Pero importa más el belén que cada familia monta en su propia vivienda. En la Carta apostólica del papa, arriba citada, Francisco va recordando los elementos más destacados de los belenes caseros: el cielo estrellado y el silencio iluminado de la noche; las ruinas de casas y palacios, convertidos a veces en grutas divinas, inspiradas en la “Leyenda Áurea”, de Jacobo de Varazze o Voragine, de que el templo de la Paz se derrumbaría el día en que una virgen diera a luz; la estrella y los ángeles; los pastores, representando a los más pobres de la tierra; y antes de la Epifanía, los magos, “unos ricos y sabios extranjeros”. Allí lejos, el palacio de Herodes, “sordo al anuncio de la alegría”.
Luego vienen las figuras imaginarias, que no estaban en el Belén evangélico, pero están en la vida cotidiana de todo el mundo: desde el herrero al panadero, desde mujeres con cántaros a niños jugando, que representan “la santidad cotidiana”, la alegría de las cosas de cada día. Todo habla del amor de Dios en el belén, del Dios que se hace hombre.
Y poco a poco el belén, los belenes nos llevan a Belén. Mateo dice que Jesús nació allí, y Lucas lo confirma, así como otros autores neotestamentarios. Solar natalicio del rey David, Belén es también solar metafórico de Jesús de Nazaret, entendido y aclamado como nuevo David, Mesías davídico, nuevo rey de los judíos, nuevo Señor y Salvador frente a los emperadores romanos. Nos llevan, quiero decir, igual en Nazaret que en Belén, al prodigio de la Encarnación de Dios, al Nacimiento de Dios, prodigio y misterio sumo, porque sabemos bien cómo es el hombre, pero no sabemos cómo es Dios.

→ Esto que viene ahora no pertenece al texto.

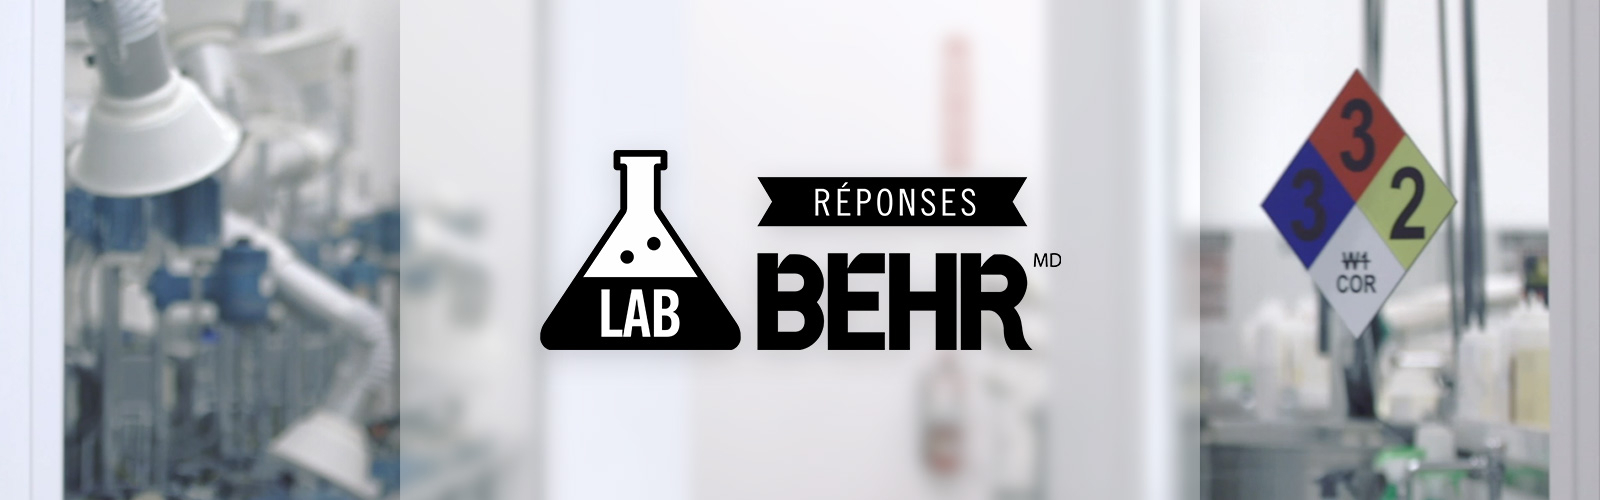 Desktop view of an image of a laboratory with a title BEHR LABS

Hay estrellas que no son de Belén, sino de hielo o de competencia comercial. Luces, que no son del cielo. Y fiestas del solsticio, de fin de año o de invierno, pero no de Navidad. No hay fe sin transmisión y contagio. Y si la fe, como todo valor, no se cultiva y celebra, desaparece. Los belenes son tradición popular, que vale por un catecismo y por muchos rollos doctrinales. Un verdadero patrimonio cristiano, espiritual y cultural, de la Humanidad.